In the following, the code for CPU (run after the first code snippet) with float32:
# Run the same on CPU
DEVICE = "cpu"
# Set datatype to float32
if FLOAT_64:
torch.set_default_dtype(torch.float64)
else:
torch.set_default_dtype(torch.float32)
torch.set_float32_matmul_precision("high")
VERSION = "IMAGENET1K_V1"
version_id = f"AlexNet_Weights.{VERSION}"
# Load the pretrained weights
weights = get_weight(version_id)
# Load model and preprocessing transformations
if pretrained:
model = alexnet(weights=weights, progress=True)
else:
model = alexnet(weights=None)
transforms = weights.transforms()
device = torch.device(DEVICE)
print(device)
model.to(device)
model.eval()
for batch_idx, data in enumerate(dataloader_batch16):
data = data.to(device)
with torch.no_grad():
data_o_cpu = model(data)
break
store_results_cpu = torch.zeros((100, 1000), device = "cpu")

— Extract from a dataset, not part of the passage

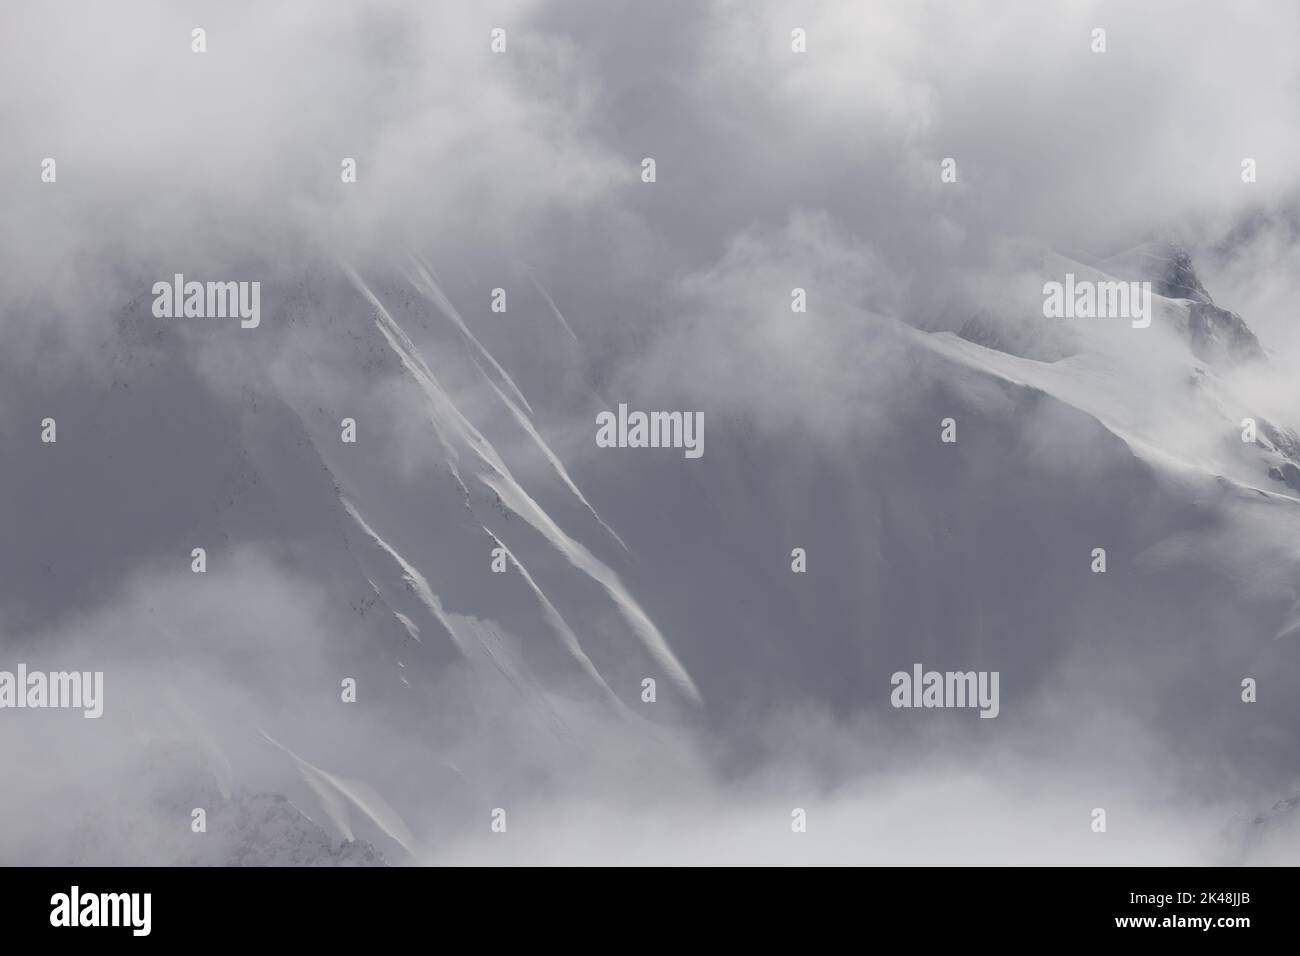 Von der Zugspitze aus hat man auch bei Nebel und Wolken spannende Aussichten auf die Alpengipfel. Besonders im Winter öffnen sich atemberaubende Ausblicke auf die Bergwelt der Alpen. Hier sieht man die schneebedeckten Konturen am Gipfel der Zugspitze. Stock Photo

for batch_idx, data in enumerate(dataloader_batch1):
data = data.to(device)
with torch.no_grad():
store_results_cpu[batch_idx, :] = model(data).cpu()
if batch_idx == 99:
break
torch.allclose(data_o_cpu, store_results_cpu, rtol=0.1)
Gives ‘True’.
# Compare results between GPU and CPU
# Batch size 100
torch.allclose(data_o, data_o_cpu, rtol=0.1)
# Batch size 1
torch.allclose(store_results, store_results_cpu, rtol=0.1)
Gives ‘False’ for batch size 100 and ‘True’ for batch size 1.
As said, these differences do not occur if cuDNN is not enabled OR if float64 is used OR on the CPU.